A (Aaron): Outway was not a light bulb moment, but instead earned secrets over years of professional work, both in land management and in software. I carried that as a volunteer Ranger and a naturalist into college. These were challenges of showing up at the wrong parking lot, missing crew members, or waiting around and not knowing what was next. A lot of these details started slipping through the cracks.

Yeah, so there was a problem where land managers didn't have control over data, not just publicly, but within their own jobs. As I moved into the software world and started my career, I worked at two companies and built and ran six products. There, I really got to see the scope of what software can do and some of the different options.

It sounds very weird to say this, but honestly, Shopify was a big kind of connector piece to this in secretly solving for land management. If you're running a storefront, you have to manage your inventory, customers, and returns in the back of house. And oddly, it is remarkably similar in land management. Yes, we have our storefronts, trails, and parks, but there are also all these operational pieces behind the scenes: maintenance, ecology, wildfire management, ranger enforcement, visitor management, and education. All these threads go into making these lands and parks available.

I realized that software can do a really good job of bringing all these things together to make the operation run smoothly.
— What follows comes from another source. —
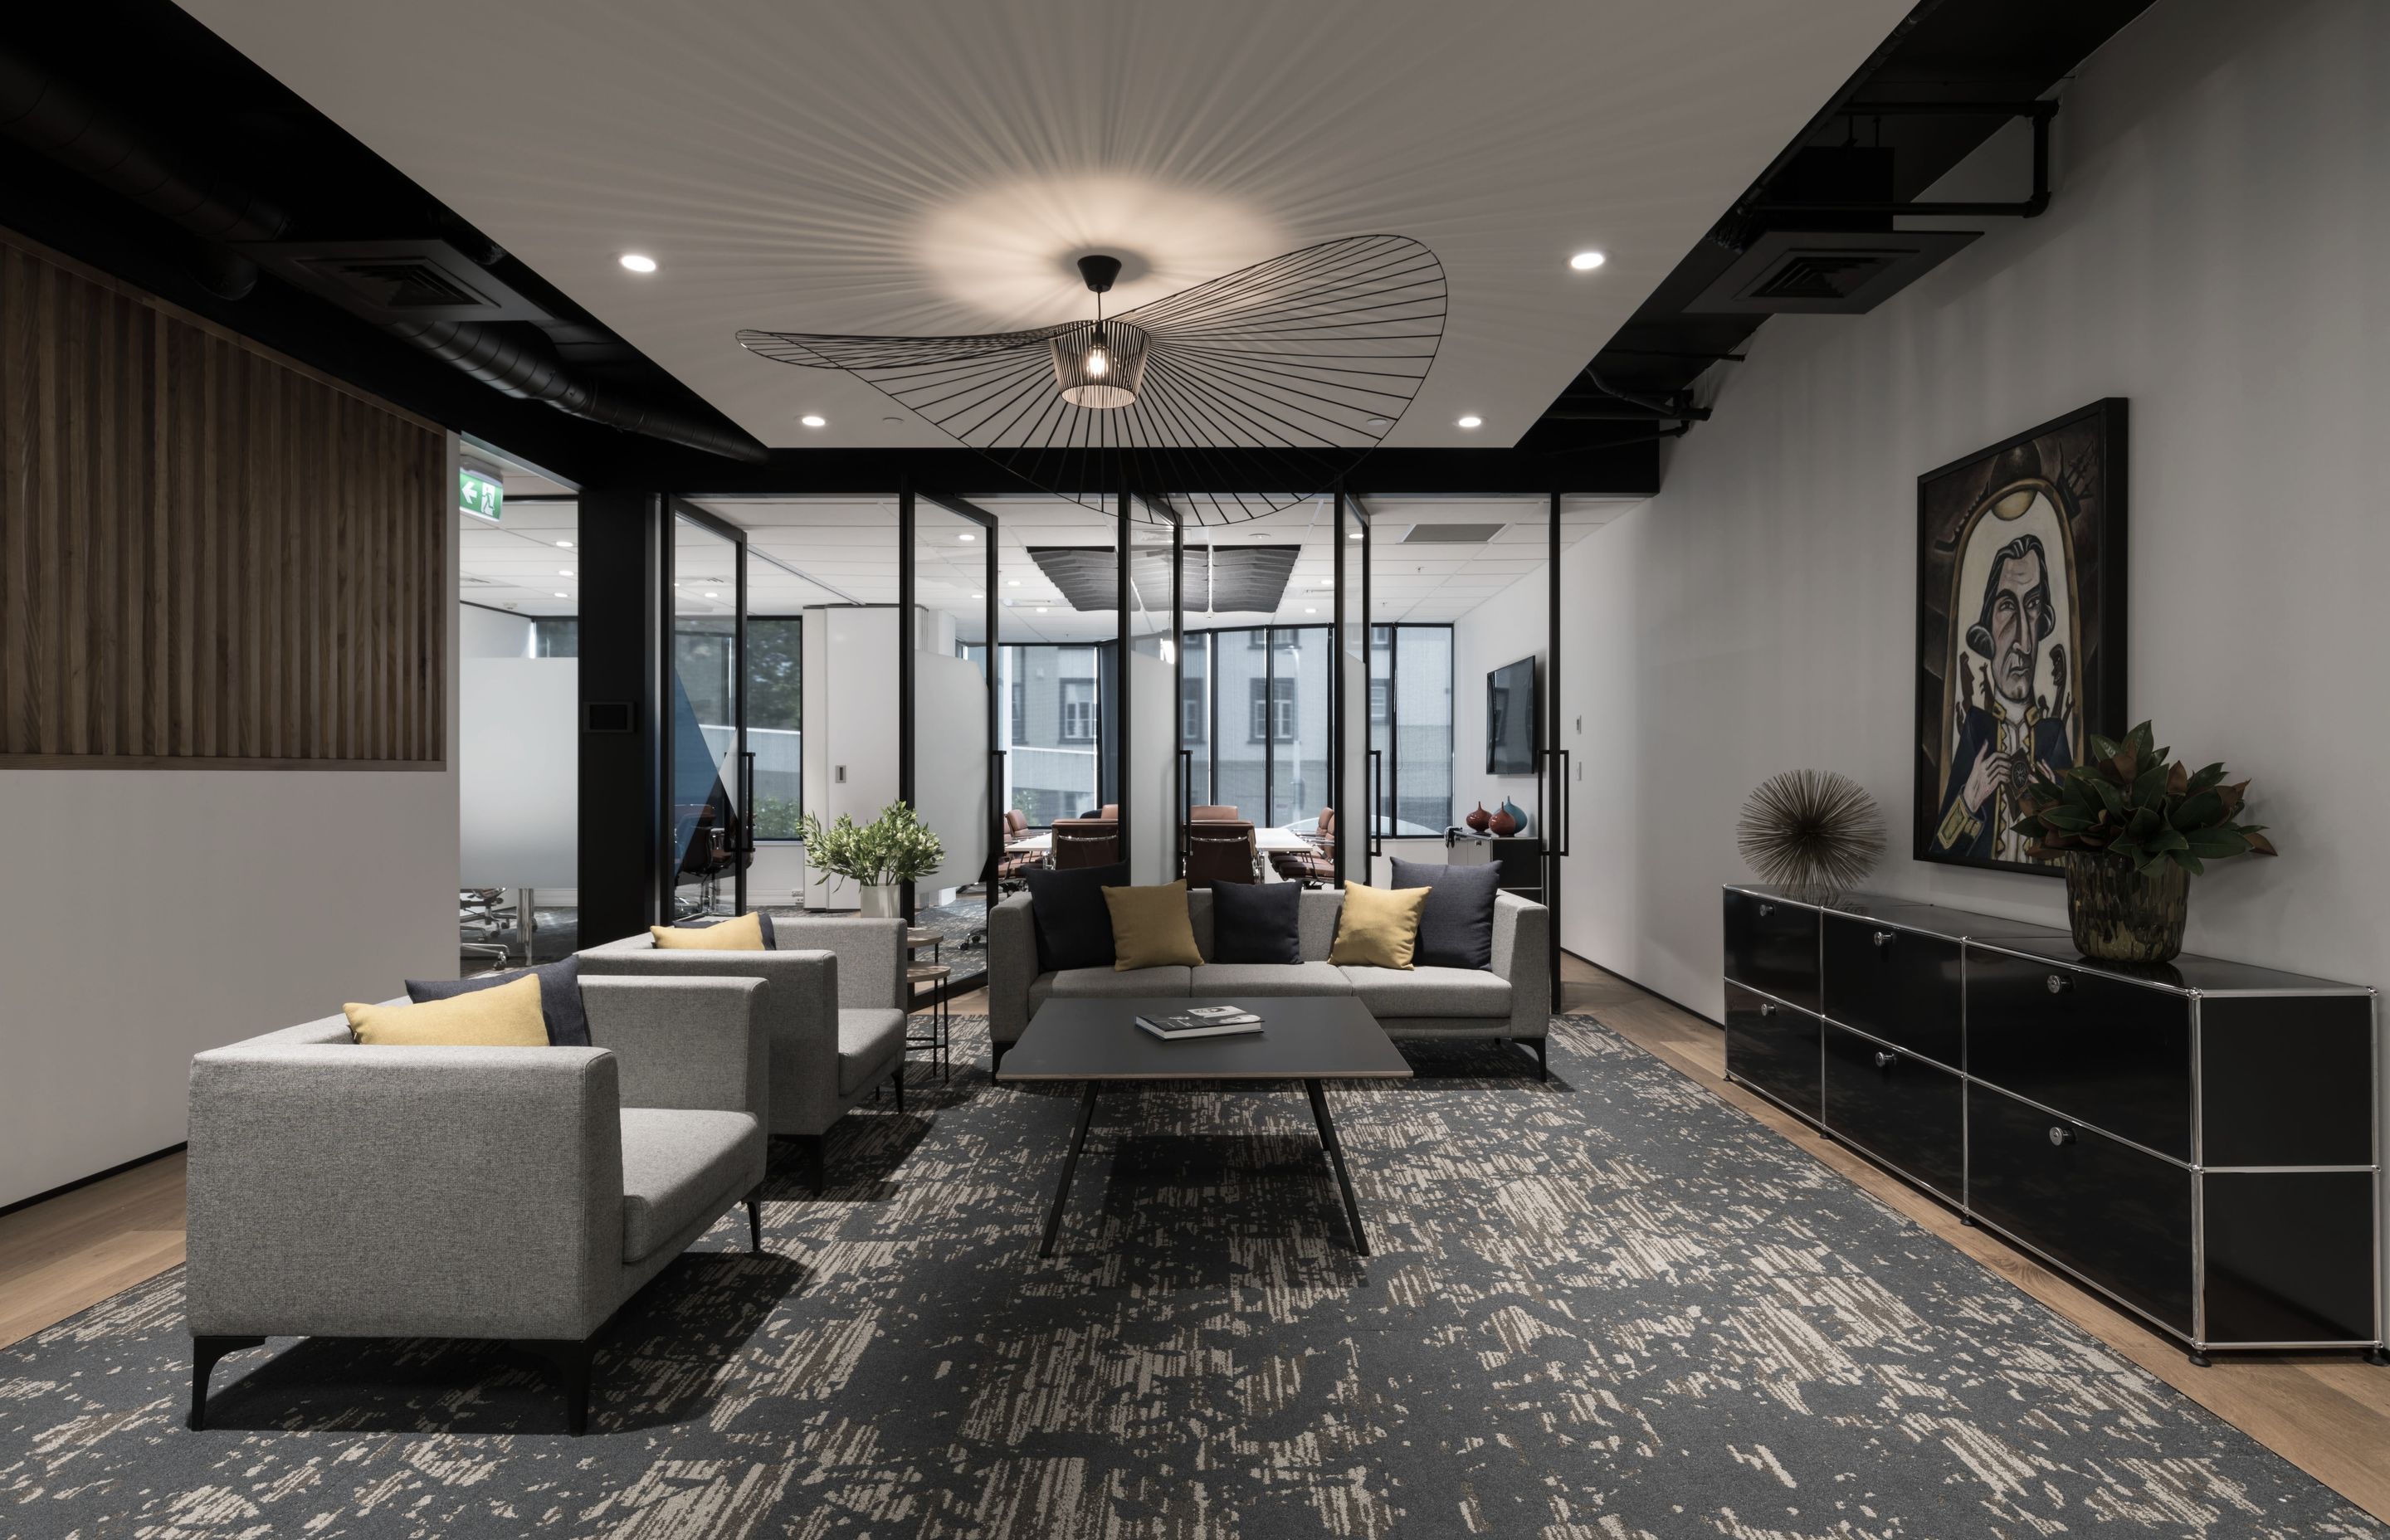 Reception lounge with feature carpet and wood frame flooring, with an operable wall to separate, or join, flexible meeting spaces beyond

And, you know, I'm not saying Outway is a Shopify for land management; we don't do that, but it does focus on bringing different aspects of operations together in one place to make things seamless. We didn't know right away what that would look like. We knew there was an opportunity because we experienced the problem as recreators and as land managers. But we weren't naive enough to believe we knew exactly what to build.

Developing Outway as a product and brand started with many late-night brainstorming sessions, moodboards, and, of course, collaboration.
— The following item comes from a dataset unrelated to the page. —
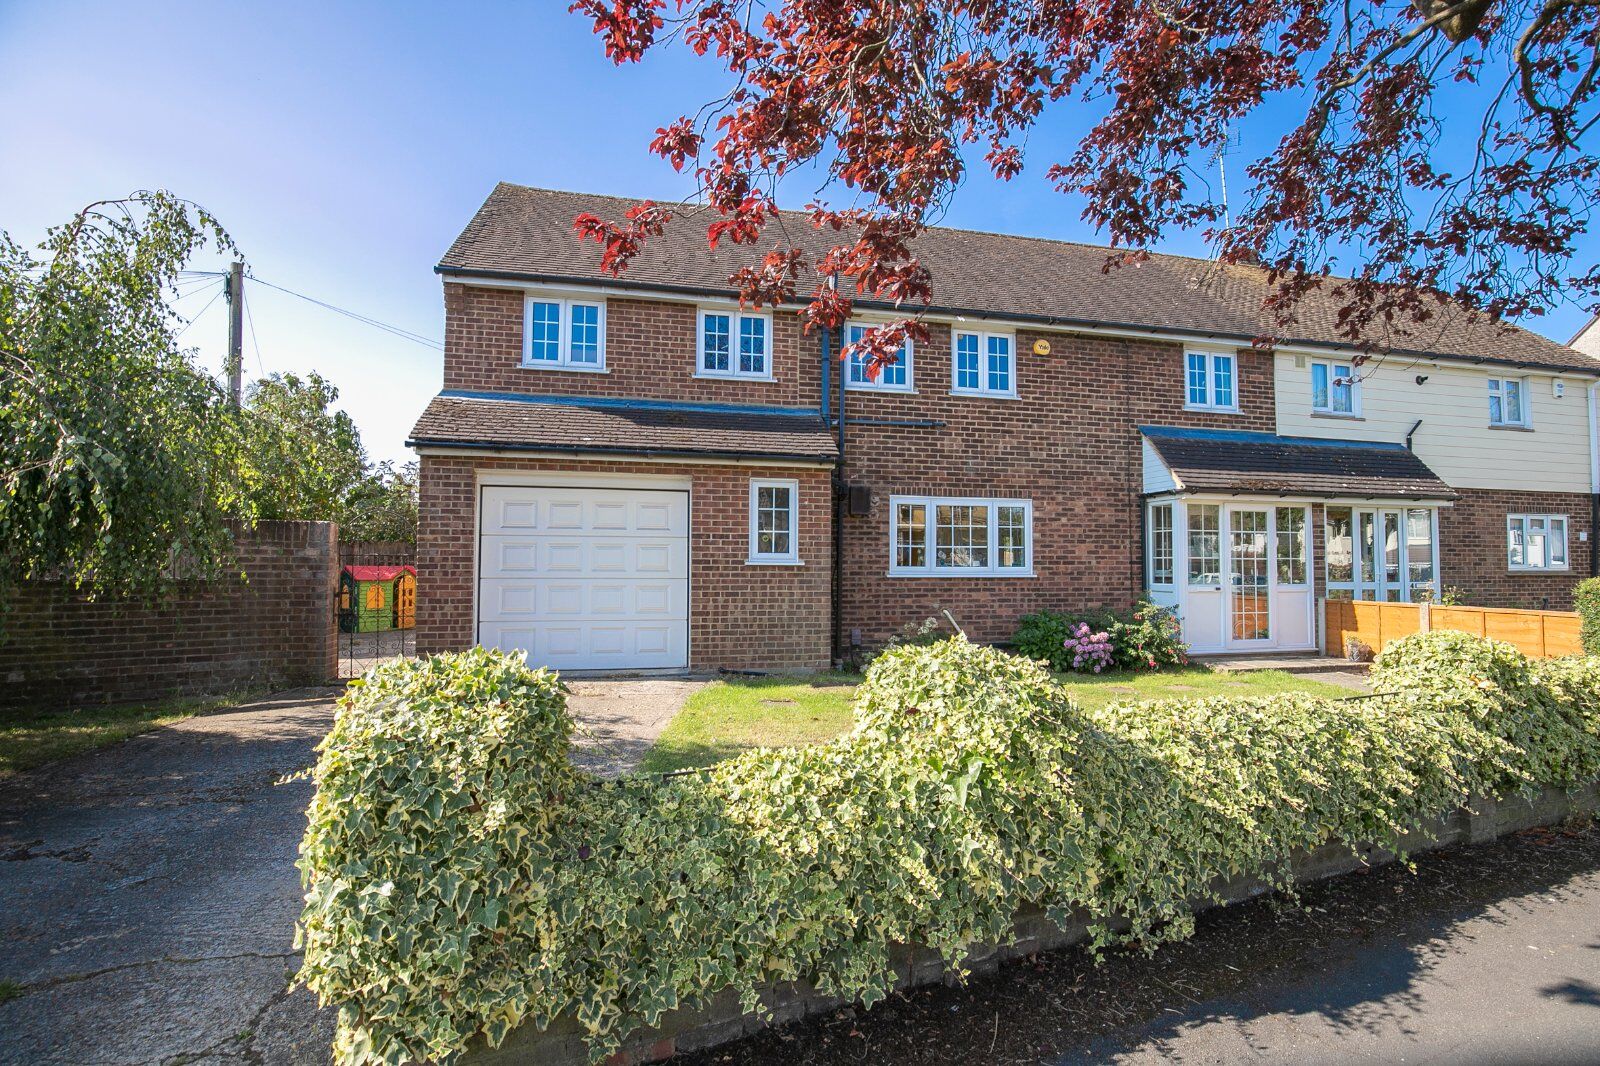 4 bedroom semi detached house for sale Coopers Close, Chigwell, IG7, main image

Research & Validation: Learning from the Field

Q: How did you approach understanding the problem and validating the opportunity for Outway?

A (Aaron): We really took a research-based approach first. We had an opportunity to go to a startup studio program from Microsoft and the Green Bay Packers in Titletown, Wisconsin, which was a fun five-day stretch where we worked with VCs, called land managers, did interviews, and tried to figure out the business proposition, the need, and how we were going to solve it.

At first, we had a pretty good idea: land managers needed a tool to manage their data and communicate with all the people interacting with them. Initially, the thesis was that land managers needed a way to communicate trails to the public. That is a need, but it turned out to be pretty low on most teams' priority lists. Most teams didn't have tools for any of their work—they were still relying on pen and paper and walkie-talkies, and had no way to control their maps. I could go on about the issues and isolation of maps in the field, but that was really our launch point. It gave us the validation to say, hey, there's a bigger problem to solve here.

Titletown Startup Studio.

Q: How did the idea progress after that initial validation?

A (Aaron): We ended up getting an offer from the studio, but turned it down to focus more on research. After we left, we said, I don't think we have enough to start this business, but we have enough to justify learning. That's when Nico, I, and a handful of others dove into learning more about the space, understanding exactly what to build and what the problems were.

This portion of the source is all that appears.